If you are insecure, you will be waiting for him to call you and his calls won’t come fast enough to make you feel comfortable. He’s just getting to know you and you are expecting him to be an overnight boyfriend that calls or texts you everyday! Then when he doesn’t follow-up quickly enough for your comfort level, you blow a gasket and give him a piece of your mind. You say things on text like I haven’t heard from you, is that what I am to expect here? Or you nag him and write stupid and cutesy texts hoping that he responds but he doesn’t.  It’s pathetic because you are relegated to discuss a relationship that does not exist, on text no less!  If that is not a formula for a god-awful casual relationship, I do not know what is.

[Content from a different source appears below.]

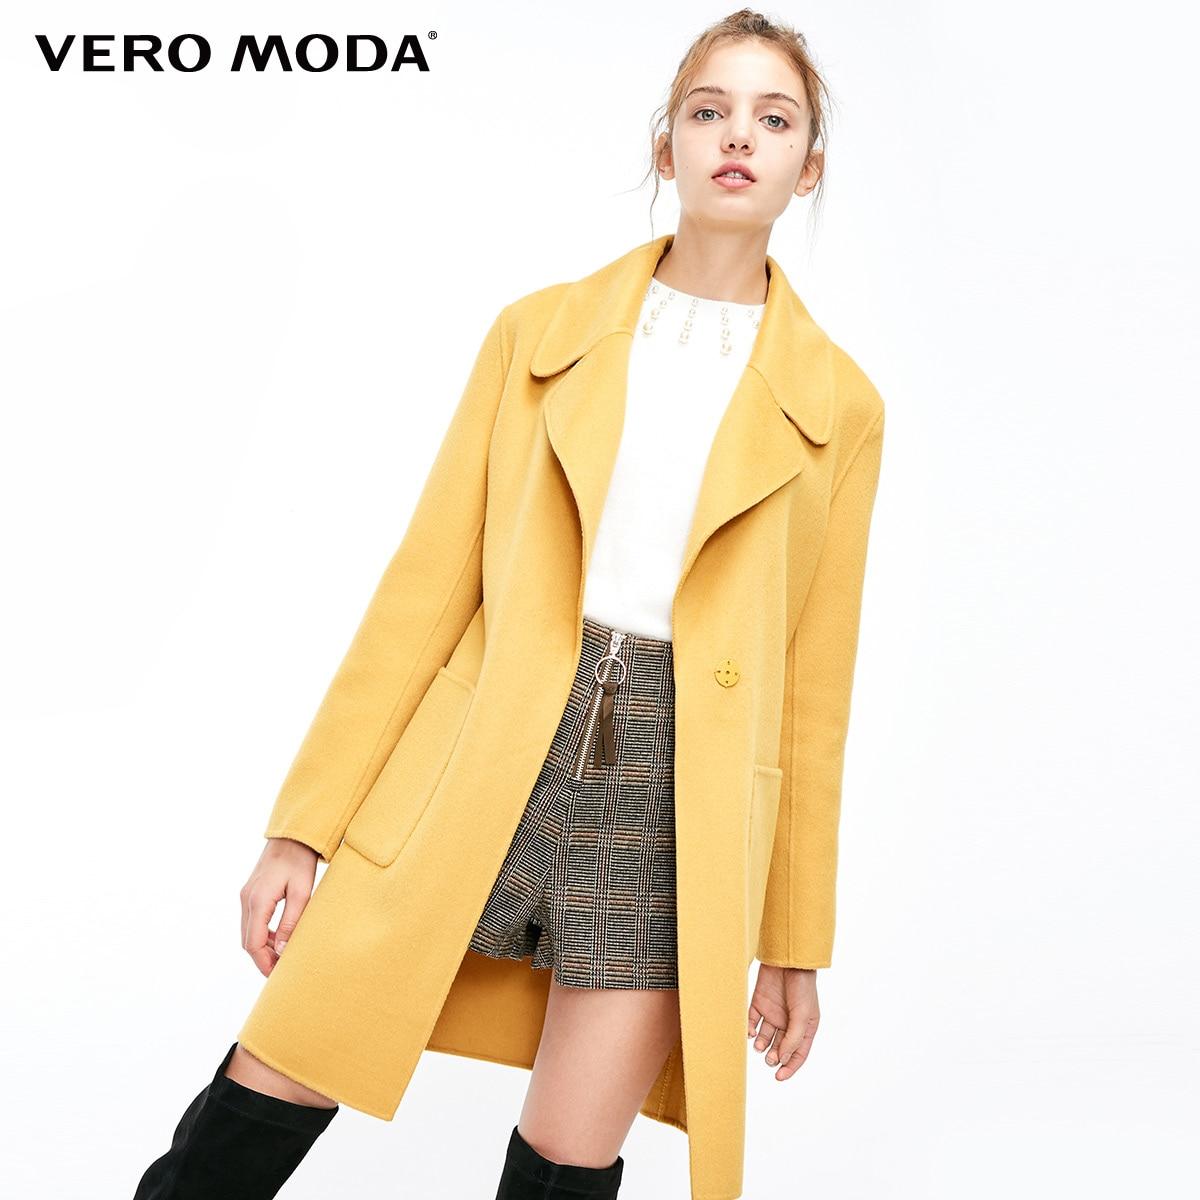 Vero Moda Women's Autumn 61% Wool Pure Simple Coat Wool Coat | 318327528

When you are impulsive, you need to control things. When you find out you can’t control the other person and they aren’t acting with consideration or how you want them to, you get angry. Suddenly you are picking a fight and he acts defensive and then you are dumping him. Boom, you are flat-out on your bum and you just kill-joyed the relationship with your own dooming behavior. Any woman who texts a guy 20 times or more after intimacy is exhibiting dooming behavior.

How impulse control can help lead to succesful relationships

Impulse control can help structure a relationship so that it flows in the right order. First of all, you should control lust impulse and avoid leading the relationship with sex. If you get intimate too soon you’ll be writhing about exclusivity before you even know where this guy lives! Everything will get off on the wrong foot and you’ll be texting him out of greediness and insecurity.

The progression should be that you meet him and feel attracted and vice verse. You date him for a while, 10 or 15 times, and get to really know him past the phony facade he presents on his best behavior. You see where he lives, you meet some roommates, you hang out for an entire day. You eat food with him. You see how quickly he follows up after he has seen you. Does he call you every day, or is his interest level barely there?

Normal relationship progression requires impulse control. First you get to know him, then he becomes your boyfriend who is in reliable regular contact with you then you start a sexual relationship with him after all that is in place. Notice how you had to control impulse not to get intimate with him early on. And you had to also control impulse not to text and text and nag him about relationship status.  When you have patience and impulse control, it enables things to unfold naturally and then you don’t have to nag at all because you aren’t allowing yourself to be put in that position of having to!   Instead, you controlled your impulses and the relationship, miracle of miracle, progressed normally!

Controlling impulse and letting a relationship develop in the right order of sequence can avoid so many insecurities. When you do this, you avoid poor behavior on your part. That dread of will he call, why hasn’t he called, should i text him, and what a jerk he slept with me and didn’t bother to contact me for a week, gets avoided. Guess what when you avoid giving yourself the stress syndrome, you also help yourself act sane and normal. That is a win, win!

Control impulses to let a relationship develop in the right sequence, and reap the benefit of not being treated poorly because poor treatment elicits bad behavior on your part. You’ve nipped being treated like a replaceable object in the bud. The greatest thing is that now you don’t have to worry about all of your insecure, needy, controlling, complaining, crying and whining crazy text message sending reactions to his treating you poorly. Lastly, if you control impulses and a man drops you or disappears on you anyways, you probably saved yourself quite a bit of time.  Congratulations for weeding out someone who was just going to be a fly by night user and completely wrong for you.